Scientists renamed 27 human genes in 2020 because Microsoft Excel was automatically converting their symbols into dates, corrupting data in supplementary files and published analyses. The HUGO Gene Nomenclature Committee (HGNC) changed symbols that looked like dates, such as SEPT1 and MARCH1, to forms that Excel would not auto-format, for example SEPTIN1 and MARCHF1. The goal was to stop recurrent, hard-to-detect errors caused when spreadsheets opened or imported gene lists.
What is the Excel gene name problem?
The problem arises when gene symbols resemble dates or scientific notation. When those strings appear in spreadsheets or CSV files, Excel often reinterprets them as dates or numbers. That silently changes the underlying values, so a gene named SEPT1 can become “Sep-01,” and a code like 11E10 can become 1.10E+11.
A 2016 analysis of genomics papers found that about 20% of Excel files in the literature contained gene name errors caused by automatic conversion to dates or numbers (Genome Biology).
Because gene symbols are widely used as row or column labels in gene expression matrices and supplementary datasets, even a few auto-conversions can propagate through pipelines, mislabel features, and distort downstream analyses and meta-analyses.
How does Excel convert gene symbols into dates?
Excel tries to infer data types when you type values, paste content, or open delimited files. If a string matches a date pattern, Excel converts it into a date serial number and displays a formatted date. This occurs both on direct entry and when opening CSV/TSV files unless the column is explicitly set to Text during import. Similar behavior affects long identifiers, phone numbers, postal codes, and product codes that can be turned into scientific notation or lose leading zeros.
Microsoft’s documentation states there is no global setting to disable the automatic date-conversion behavior, though there are workarounds such as preformatting as Text or prefixing with an apostrophe (Microsoft Support).
The upshot: if a collaborator opens a clean CSV in Excel with default settings, date-like gene symbols can be silently altered, saved, and redistributed with errors.
What changed in 2020 and which genes were affected?
To eliminate a persistent, systemic source of error, the HGNC updated 27 official human gene symbols in 2020 to avoid date-like strings. Two prominent sets were affected:
- SEPTIN family: symbols like SEPT1, SEPT2, … were standardized to SEPTIN1, SEPTIN2, … to avoid “Sep-01,” “Sep-02,” etc.

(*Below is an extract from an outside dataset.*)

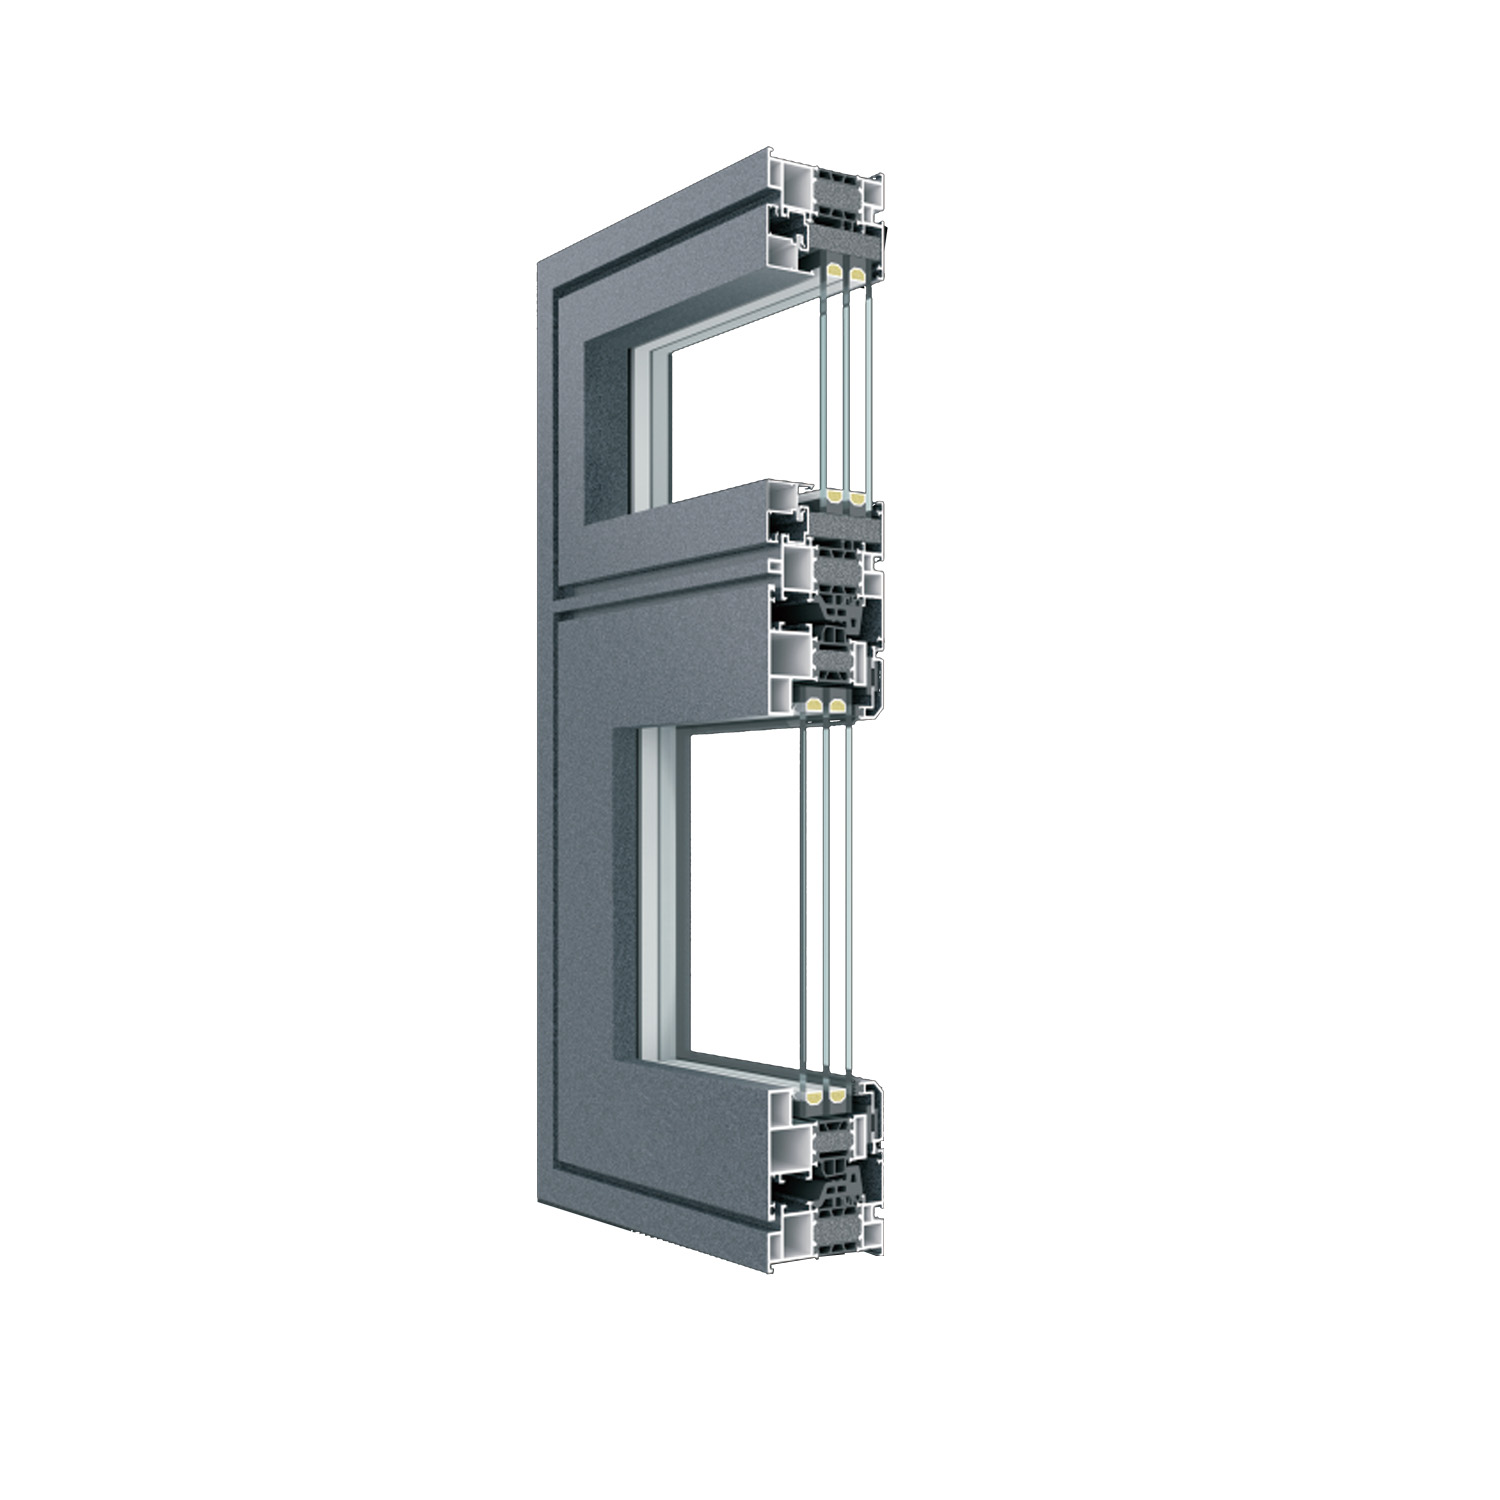 Aluminium Profile Building Material Window and door

- MARCH family: symbols like MARCH1, MARCH2, … became MARCHF1, MARCHF2, … to avoid “Mar-01,” “Mar-02,” etc.
Several other symbols that resembled months or date patterns were also adjusted. The HGNC’s broader guidelines now discourage new symbols that can be misread by common software. You can consult current, authoritative symbols and approved aliases in the HGNC database and guidelines (HGNC).
How can researchers prevent Excel gene name errors?
Practical steps can reduce or eliminate the risk of auto-conversion:
- Prefer stable identifiers over symbols. Use Ensembl stable IDs (for example, ENSG… for genes) in analysis files, and map to human-readable symbols only at the presentation stage (Ensembl: Stable IDs).
- Avoid using Excel for raw or intermediate data. Process data in R, Python/pandas, or command-line tools, and save tab-delimited or CSV files that are not routinely opened in Excel.
- If you must use Excel, import safely. Open a blank workbook, use Data > Get Data or the Text Import Wizard, and set the gene symbol column’s type to Text. Alternatively, preformat the destination column as Text before pasting.
- Force text where needed. Prefix inputs with an apostrophe (‘) or add a leading zero and a space for fractions, as documented by Microsoft (support article).
- Validate on read. When ingesting shared files, scan for date serial numbers or unexpected date formats in gene columns. Flag and correct any conversions before analysis.
- Document corrections. Note any fixes to spreadsheet-induced errors in methods or data readme files to aid reproducibility.
Why does this still matter?
Legacy datasets, supplementary files, and lab templates created before 2020 still contain the old symbols, and many will be opened in Excel in the future. Follow-up analyses and meta-analyses can inherit gene label errors unless teams validate inputs.
A 2021 follow-up study reported that spreadsheet gene name errors continued to appear in newly published articles despite increased awareness, underscoring the need for better practices and tooling (Genome Biology).
The 2020 renamings remove one major trigger, but the broader lesson is to treat spreadsheets as presentation tools, not analysis systems. Use stable IDs, enforce explicit data types on import, and keep a validation step in every pipeline that touches gene labels.